7. Interact - Provide impactful information to stakeholders

Tip

For Pradhan’s challenge: How can he effectively present farmer survey data to convince funding agencies?

Exploratory Data Analysis (EDA)

Key Questions to Explore:

  • How many farmers participated in 2019 vs 2020?
  • How many farmers adopted CRM across states/districts?
  • Land size comparisons across states and districts
  • Has water and fertilizer consumption changed?
  • What tools are farmers using and how did they source them?
  • Tool performance (time taken per acre)

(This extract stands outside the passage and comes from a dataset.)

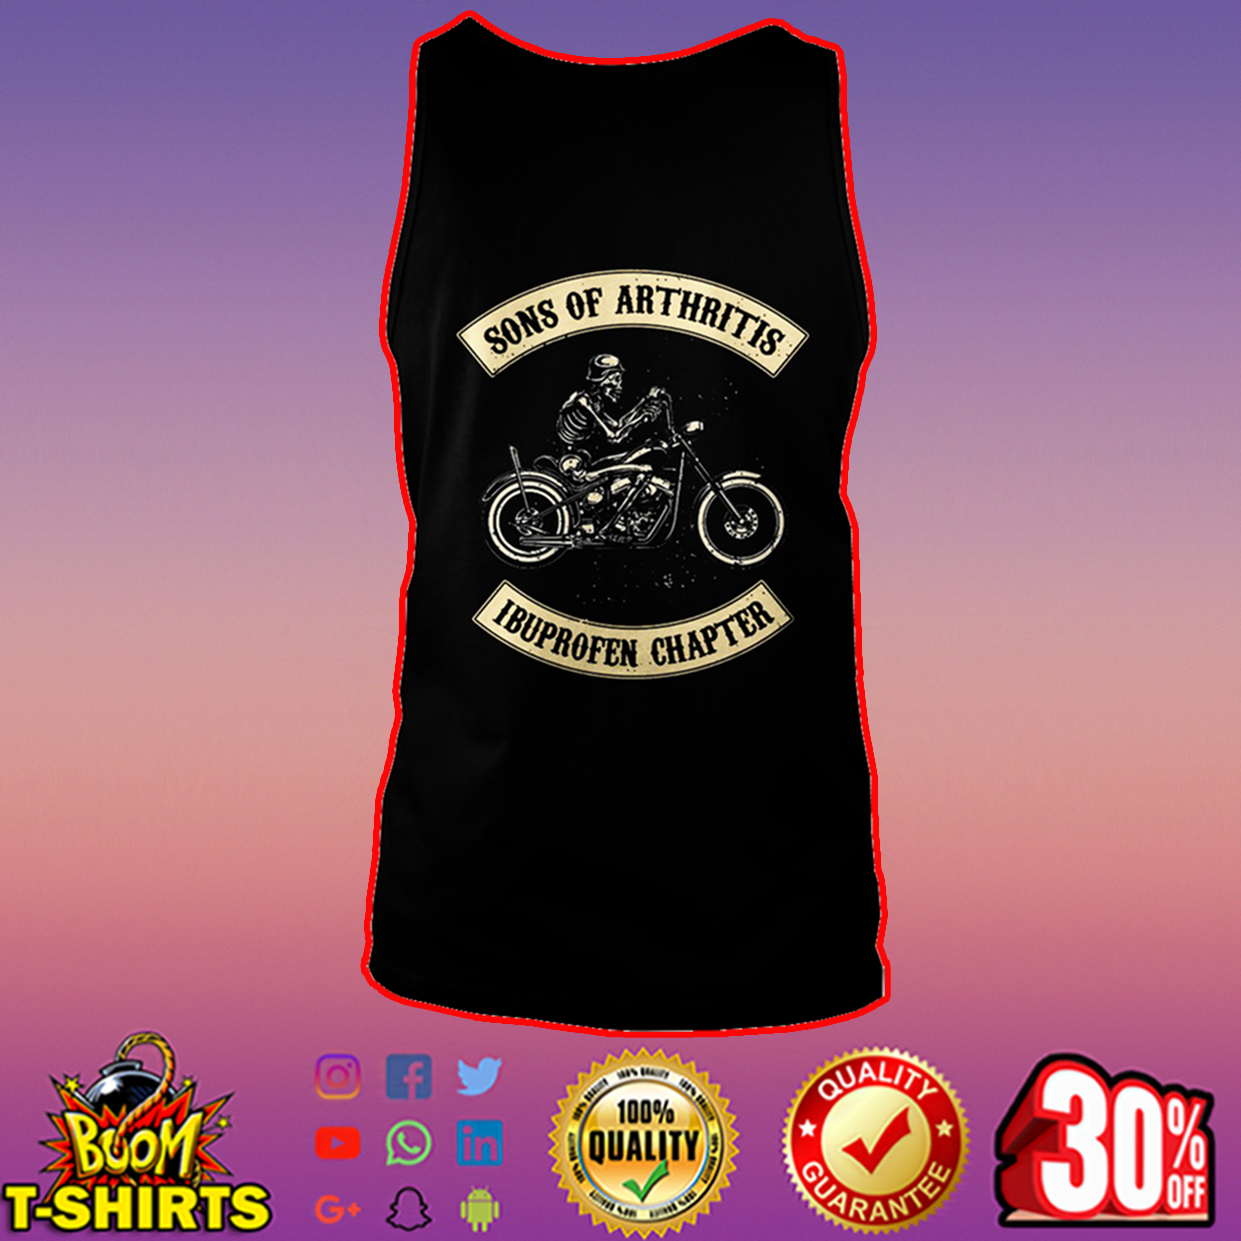 Sons of arthritis ibuprofen chapter tank top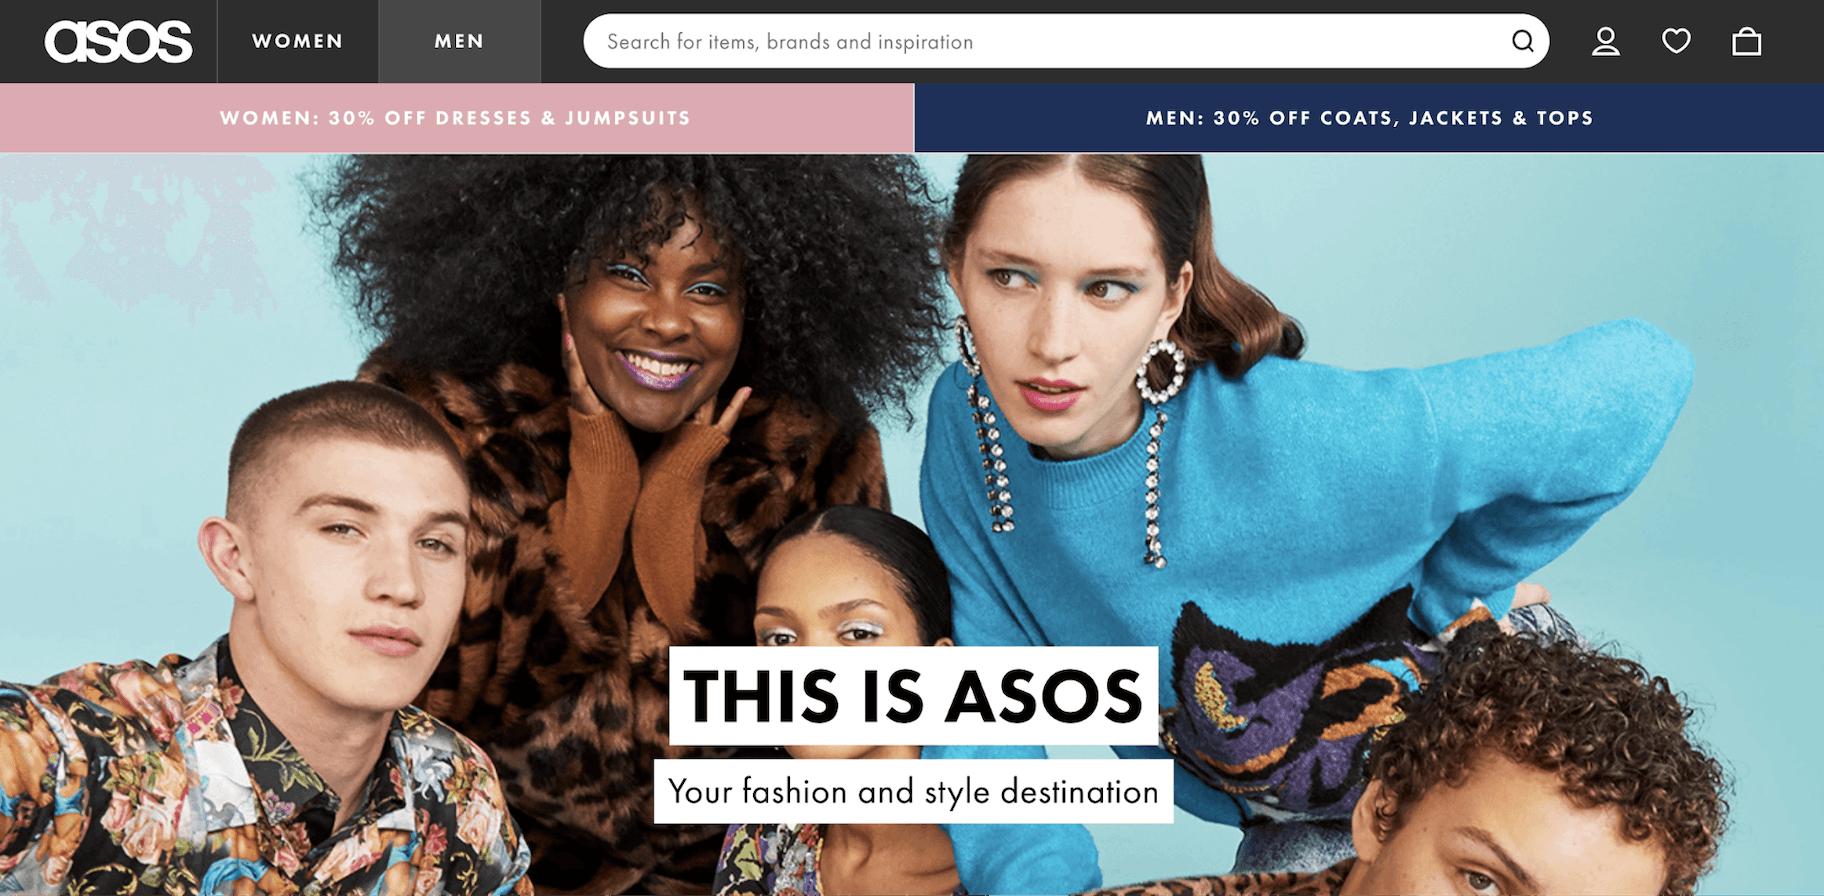 ASOS Vision statement

Start Simple: Use descriptive statistics, histograms, box plots, and scatter plots to understand distributions and outliers.

Data Exploration Themes

Temporal Comparison

  • 2019 vs 2020 adoption rates
  • Growth in program coverage
  • Changes in farmer behavior

Geographic Analysis

  • State-level participation
  • District-specific patterns
  • Regional preferences

Impact Assessment

  • Farmer feedback on consumption
  • Benefits of sustainable practices
  • Constraints and challenges

Tool & Equipment

  • Most used tools
  • Source of equipment
  • Time efficiency analysis

Key Insights from 2019-2020 Comparison

Maps & Butterfly Charts - Best for temporal comparison

2019 Baseline:

  • 1,599 farmers surveyed
  • 4 districts (Patiala, Ludhiana, Sirsa, Fatehabad)
  • 46% sustainable adoption
  • 50% still burning

2020 Progress:

  • 2,159 farmers surveyed
  • 7 districts (+Sangrur, Barnala, Rohtak)
  • 89% sustainable adoption 🎉
  • Only 11% burning/partial burning

Major Achievement

Sustainable practice adoption nearly doubled from 46% to 89% in just one year!

Farmer Feedback Analysis

Comparing Benefits: 2019 vs 2020

Impact Area 2019 (Decreased) 2020 (Decreased) Trend
Water Consumption 69% 71% ↗️ Improving
Fertilizer Consumption 60% 80% ⬆️ Major improvement
Weed Infestation 33% 53% ⬆️ Much better
Pest Infestation 31% 31% ➡️ Stable

Note

69-71% of farmers report reduced water consumption - critical for water-scarce Punjab and Haryana!

Tool Usage & Availability

Most Popular Tools for CRM (2020):

  1. Rotavator (1,095 farmers) - Most accessible
    • Average time: 1.7 hrs/acre
    • Source: Cooperatives & ownership
  2. Super Seeder (838 farmers) - Most efficient
    • Average time: 1.1 hrs/acre
    • Limited availability
  3. Mulcher (423 farmers)
    • Average time: 1.9 hrs/acre
    • Moderate availability

Warning

Challenge: Tool availability doesn’t match efficiency. Super-SMS takes only 1.1 hrs/acre but few farmers can access it!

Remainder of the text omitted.